Required action: Only the pictures are to be left out; please reproduce everything else in the data exactly.

Recorded data:
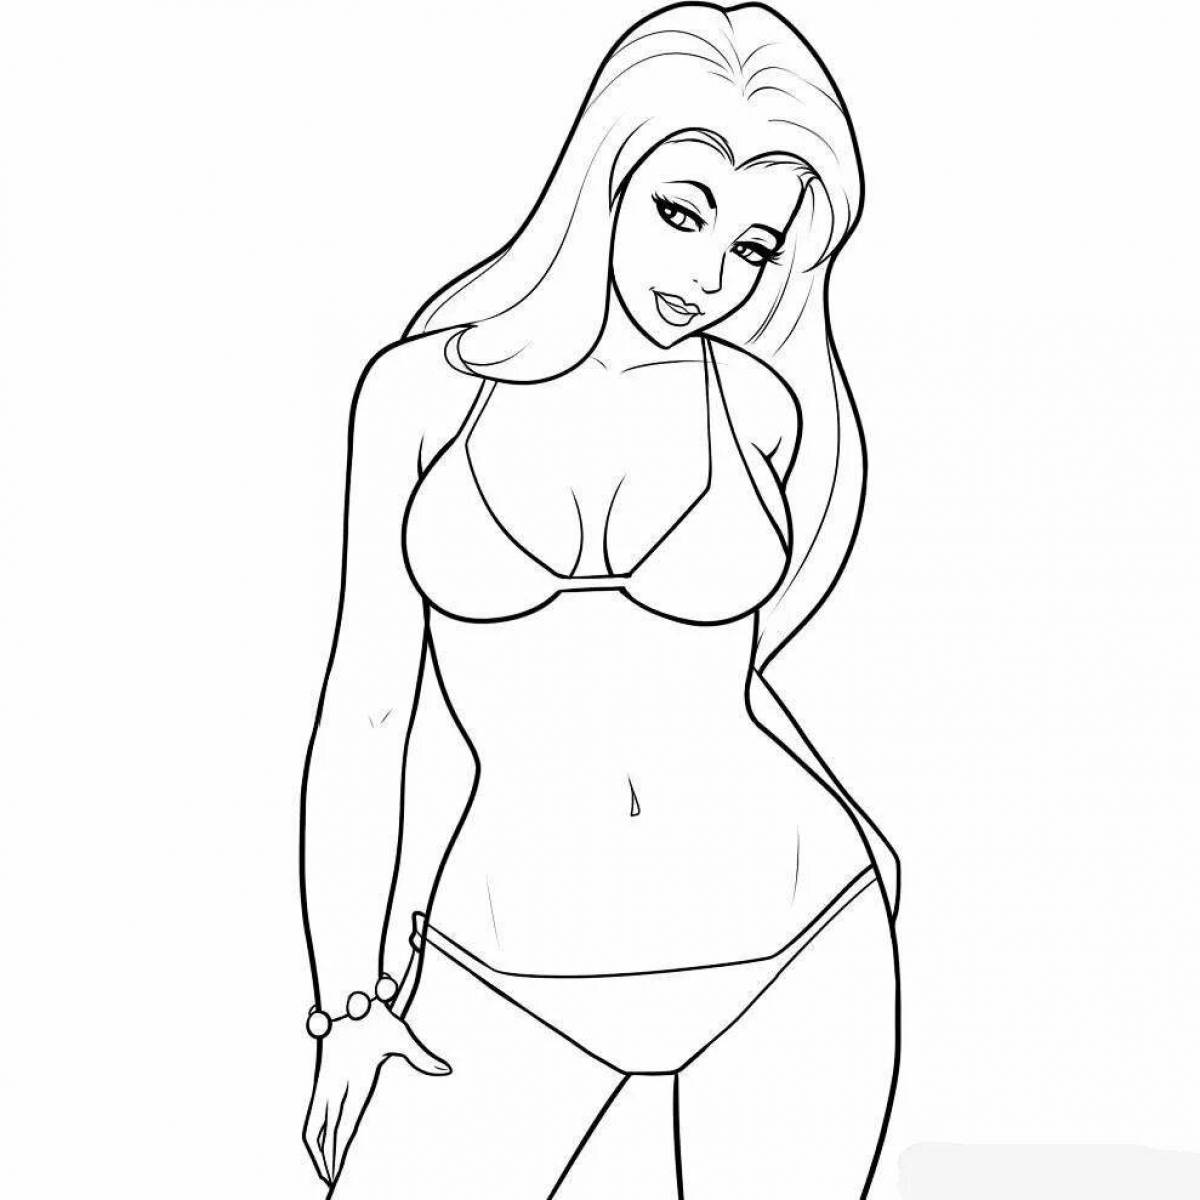 Colorful boobs coloring pages
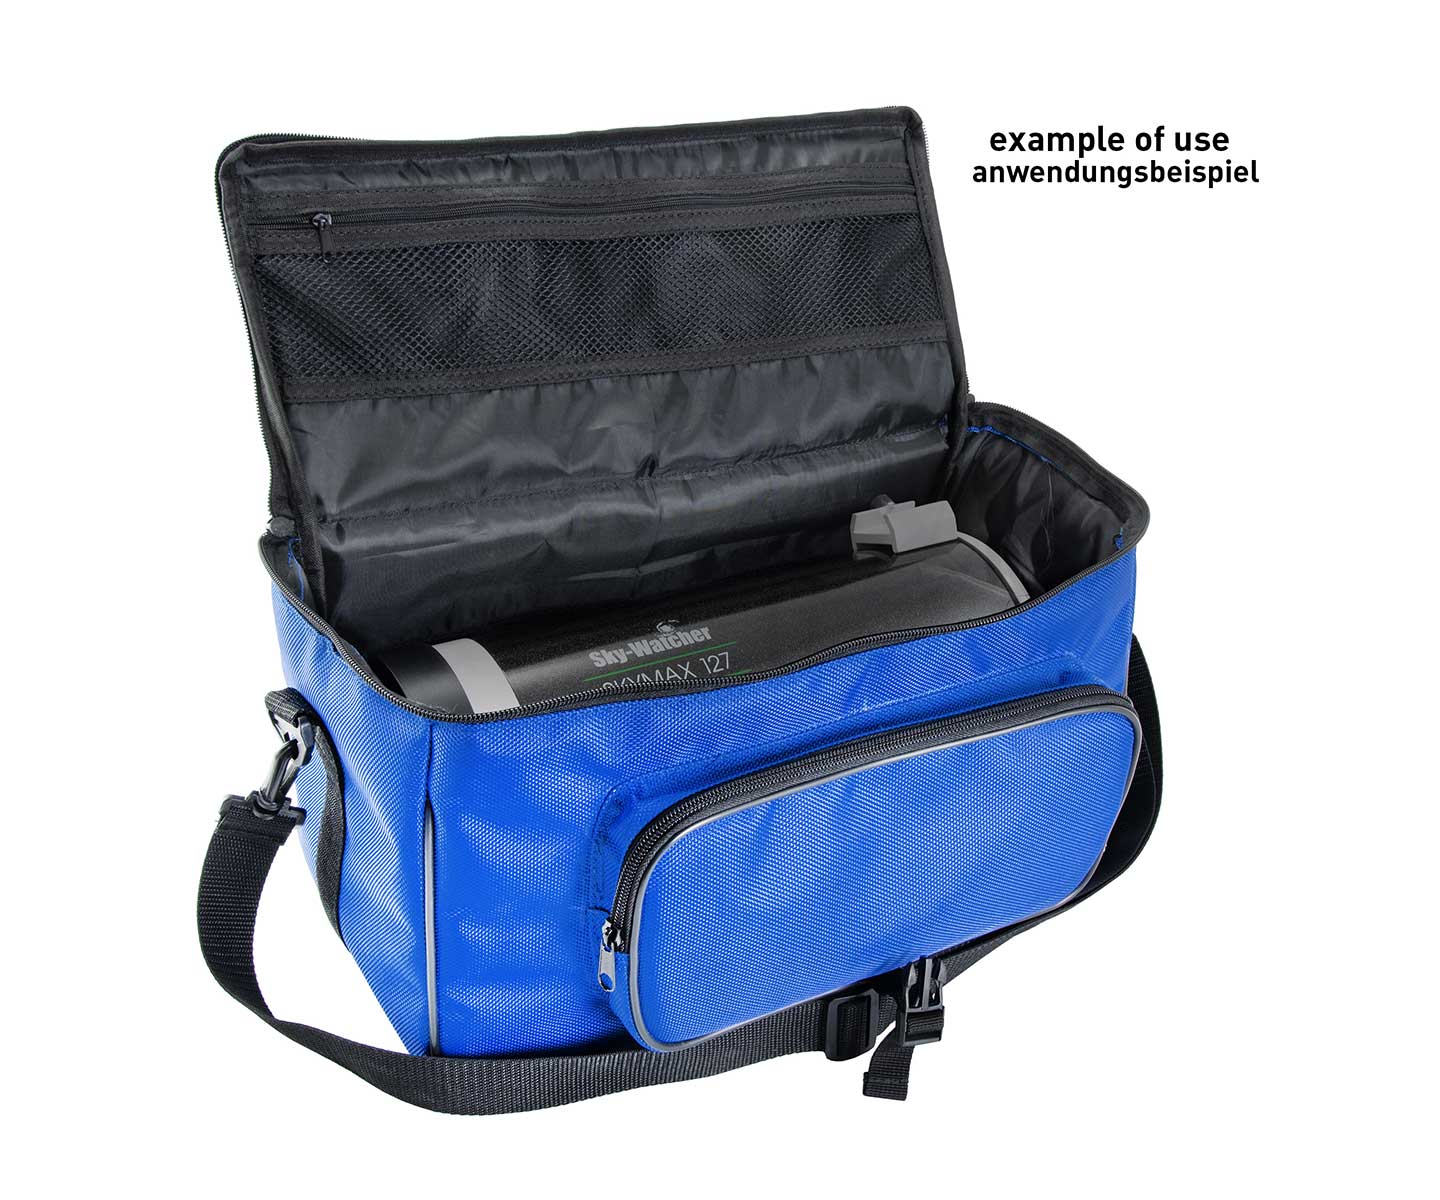     TS-Optics padded Carrying Case for accessories, telescopes and telephoto lenses - 40x22x22 cm   [EN]  
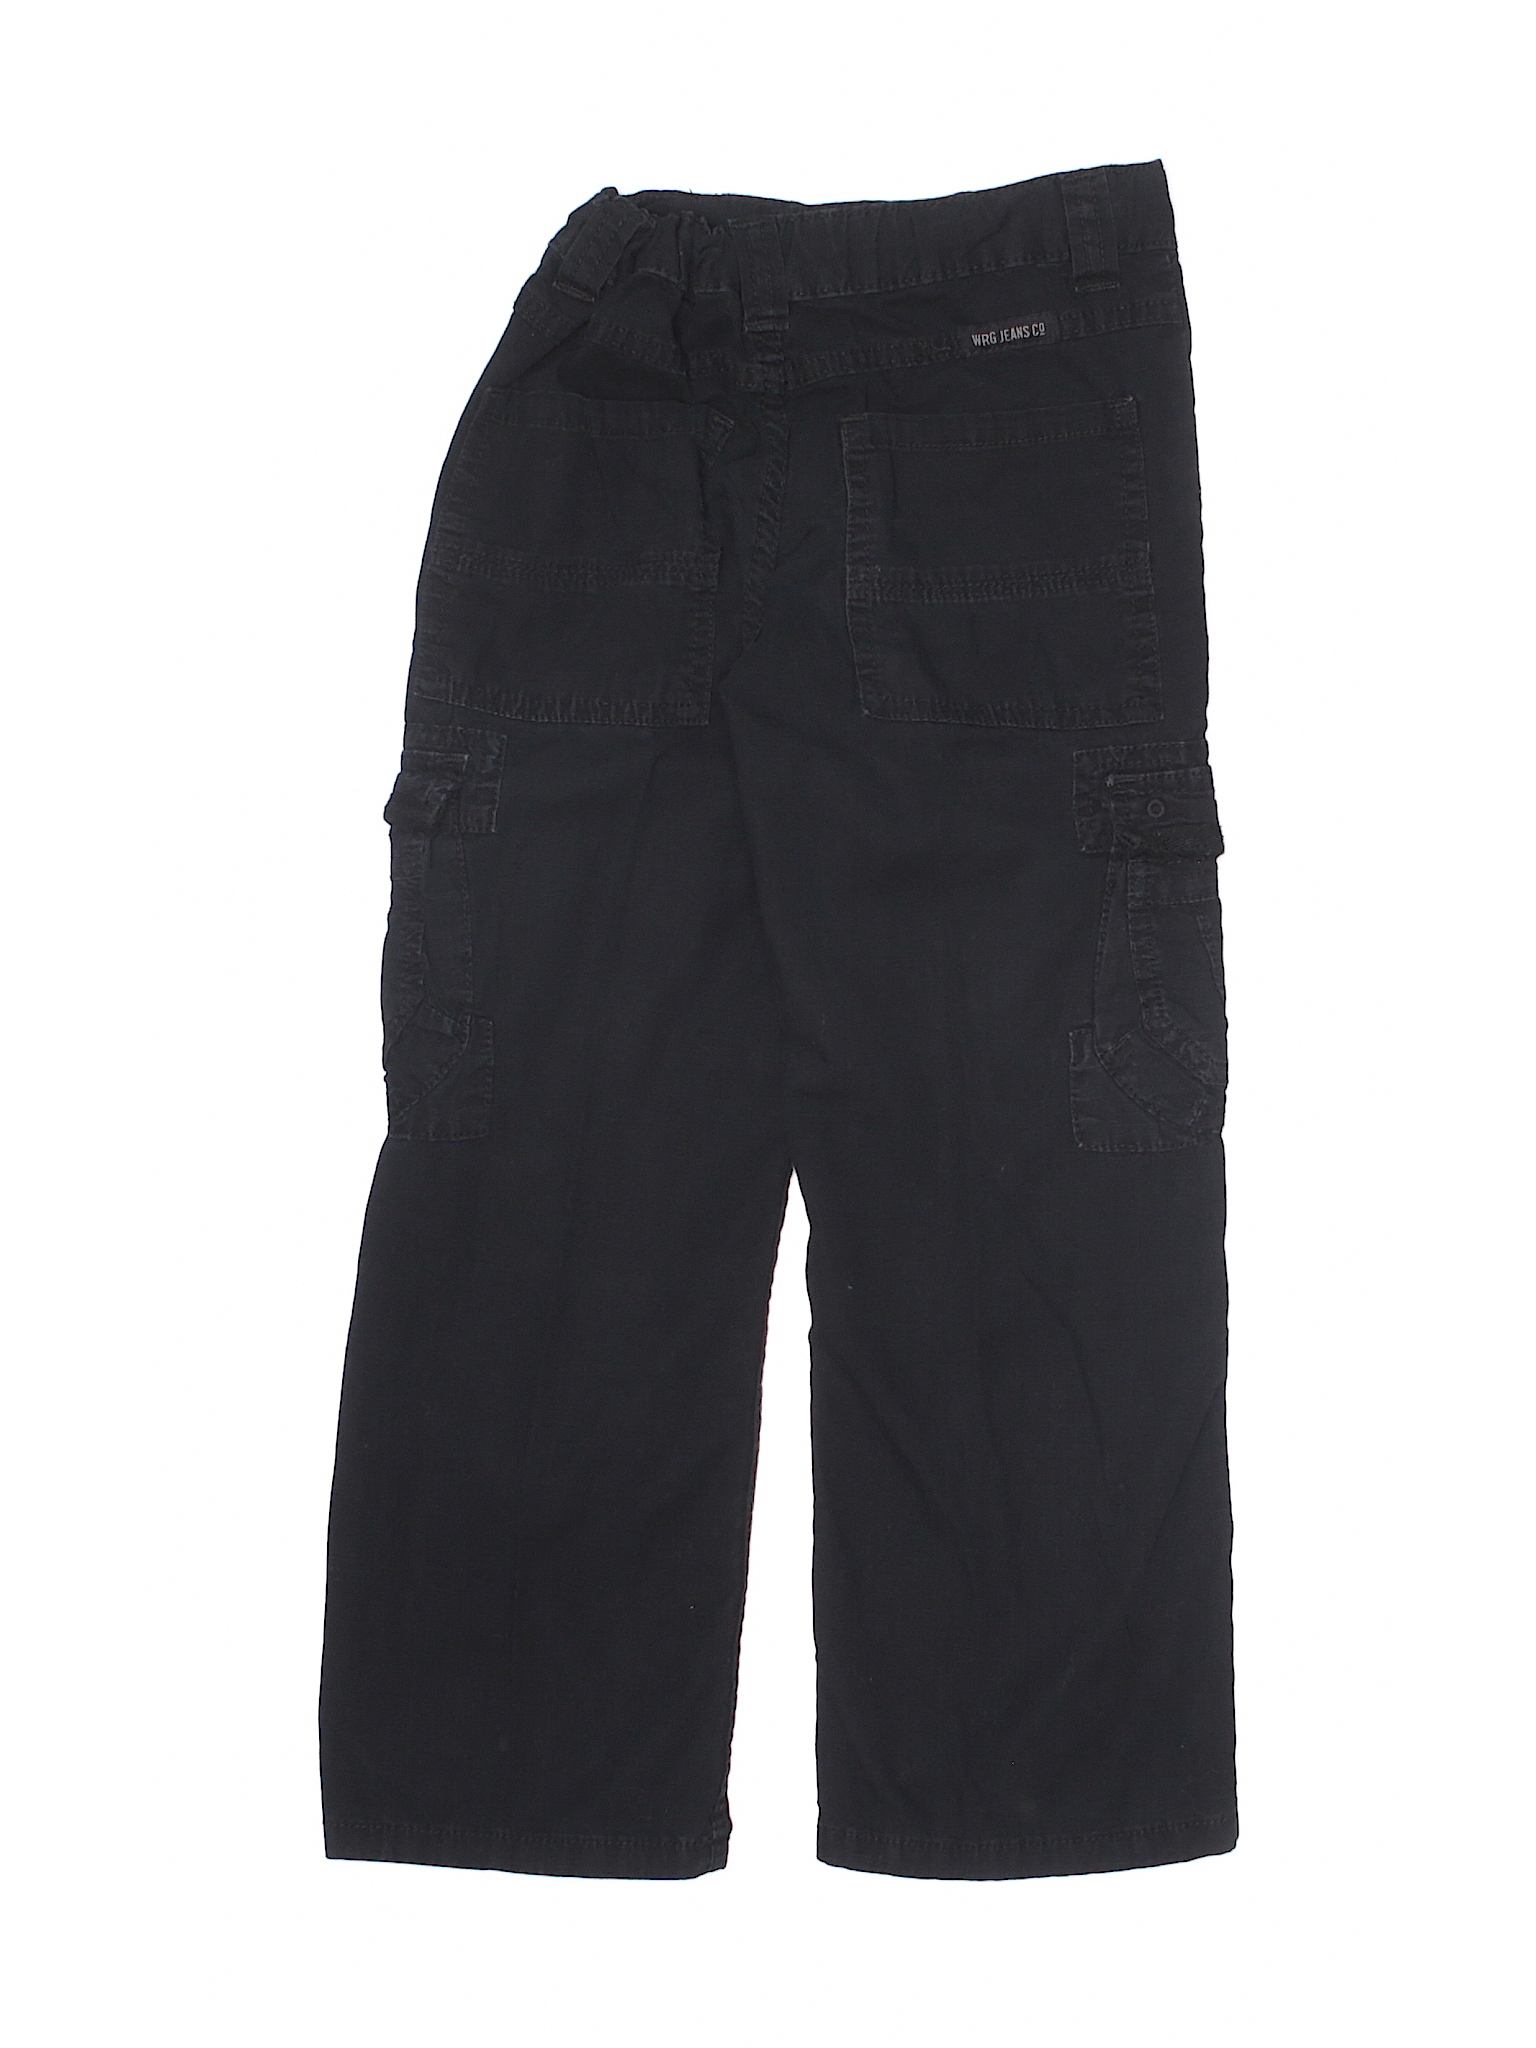 wrg jeans co cargo shorts

Task answer:
 Colorful boobs coloring pages
     TS-Optics padded Carrying Case for accessories, telescopes and telephoto lenses - 40x22x22 cm   [EN]  
 wrg jeans co cargo shorts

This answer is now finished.